In this step, we are ready to do some experiments and select the best model for production use.

**Input** : Register Data Set (ProductReview)

**Output** : Trained Model 

In [None]:
%%writefile train/train_2.py
# General libraries.
import numpy as np
from sklearn.naive_bayes import MultinomialNB
from sklearn import metrics
from sklearn.metrics import classification_report,plot_confusion_matrix, ConfusionMatrixDisplay
from sklearn.model_selection import train_test_split
from azureml.core.run import Run
from sklearn.model_selection import GridSearchCV
from azureml.core import Workspace, Dataset
import matplotlib.pyplot as plt
from joblib import dump
from sklearn.feature_extraction.text import CountVectorizer

run = Run.get_context()

# Get workspace from run context
workspace = run.experiment.workspace

# Load Data
dataset = Dataset.get_by_name(workspace, name='ProductReview')
data = dataset.to_pandas_dataframe()[['overall', 'reviewText']]

# Prepare X & Y
Y = data.pop('overall').to_numpy()
X = data.pop('reviewText').to_numpy()
train_x, test_x, train_y, test_y = train_test_split(X,Y, test_size = 0.1, random_state=1)

# Fit vectorizer
vec = CountVectorizer()
fitted_train_data = vec.fit_transform(train_x)
fitted_test_data = vec.transform(test_x)

# Train a Naive Bayes model
model = MultinomialNB()
params = {'alpha': [1.0e-5, 0.0001, 0.001, 0.01, 0.1, 1.0, 10.0]}

clf = GridSearchCV(model, params, scoring = "f1_macro", verbose=0, cv = 5)
clf_result = clf.fit(fitted_train_data, train_y)
run.log("Best alpha ",clf_result.best_estimator_.alpha)
pred = clf.predict(fitted_test_data)
run.log("F1", metrics.f1_score(test_y, pred, average='weighted'))

plot_confusion_matrix(clf, fitted_test_data, test_y)  
plt.savefig('confusion_matrix.png')
run.log_image(name='Confusion-Matrix', path='./confusion_matrix.png')

# Save trained model
dump(vec, './vec.pkl')
dump(clf, './mnb.pkl')
run.upload_file(name='vec.pkl', path_or_stream='./vec.pkl')
run.upload_file(name='mnb.pkl', path_or_stream='./mnb.pkl')

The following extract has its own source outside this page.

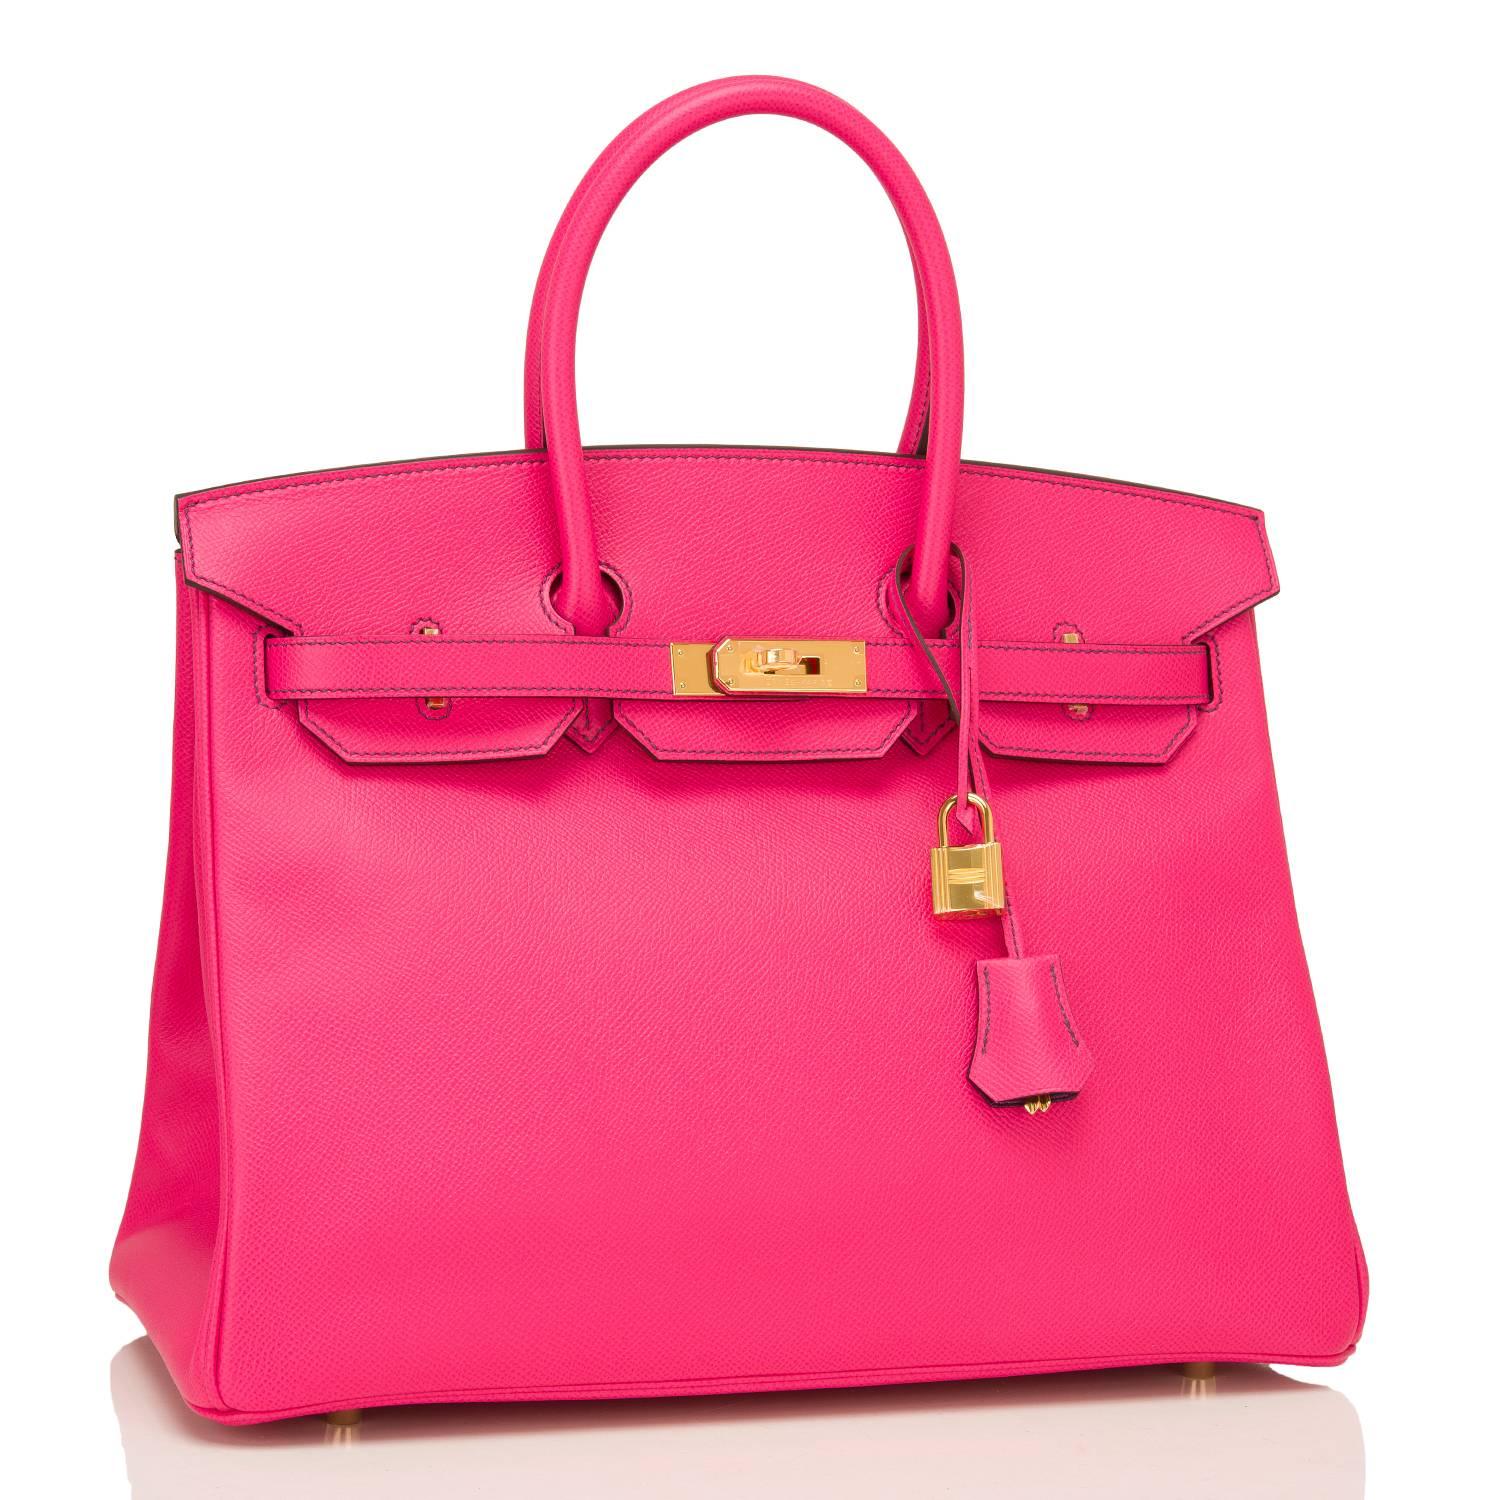 Hermes special order bi-color Birkin 35cm of Rose Tyrien epsom leather with Crocus interior accented with gold hardware.

This pink epsom Birkin has Crocus contrast stitching, front toggle closure, clochette with lock and two keys, and double

![CM](./images/confusion_matrix.png)


## 3. Model Selection

In this step, we will use a predefined metrics **F1**. We will list all today's runs and select the highest F1 score model, which will be registered in Model Registry and prepare for deployment.

**Input** : Trained Model

**Output** : Registered Model in Model Registry

In [None]:
%%writefile model_selection/model_select.py
import sklearn
from datetime import datetime, date
from azureml.core.run import Run
# from azureml.core import Experiment
# from azureml.core.model import Model

# get run context
run = Run.get_context()
workspace = run.experiment.workspace

# Get Experiment and runs for model select
# In this step, we will use F1
exp = run.experiment # Experiment.list(workspace, experiment_name='MLOps-Workshop')

today = date.today()

select_run = None
F1 = 0
for r in exp.get_runs():
    run_starttime = datetime.strptime(r.get_details()['startTimeUtc'][:10], '%Y-%m-%d').date()
    if run_starttime==today:
        for step in r.get_children():
            current_step_f1 = step.get_metrics(name='F1')
            if 'F1' in current_step_f1.keys() and F1<current_step_f1['F1']:
                F1=current_step_f1['F1']
                select_run = step
    
if select_run != None:
    # Load Data
    mnb_model = select_run.register_model("ProductReview-NaiveBayes",
                            model_path="./mnb.pkl",
                            )

    vector    = select_run.register_model("ProductReview-CountVector", 
                            model_path="./vec.pkl",
                            )

![Model Register](./images/model_register.jpg)


## 4. Model Deploy


**Input** : Registered Model in Model Registry

**Output** : Container Instance / Endpoint (Web Service)

In [None]:
%%writefile model_deploy/score.py
import json, os, joblib
from azureml.core.model import Model

def init(): 
  global vec, clf
  print(Model.get_model_path('ProductReview-NaiveBayes'))
  vec = joblib.load(Model.get_model_path('ProductReview-CountVector'))
  clf = joblib.load(Model.get_model_path('ProductReview-NaiveBayes'))

def run(data): 
  input_data = json.loads(data)['data'] 
  fitted_data = vec.transform(input_data)
  pred = clf.predict(fitted_data)
  return json.dumps(pred.tolist())


In [None]:
%%writefile model_deploy/deploy.py
from azureml.core.model import InferenceConfig, Model
from azureml.core import Environment
from azureml.core.run import Run
from azureml.core.webservice import AciWebservice

# get run context
run = Run.get_context()
workspace = run.experiment.workspace

# inference config
service_name = 'product-review-service'
env = Environment.get(workspace=workspace, name="AzureML-sklearn-0.24-ubuntu18.04-py37-cpu")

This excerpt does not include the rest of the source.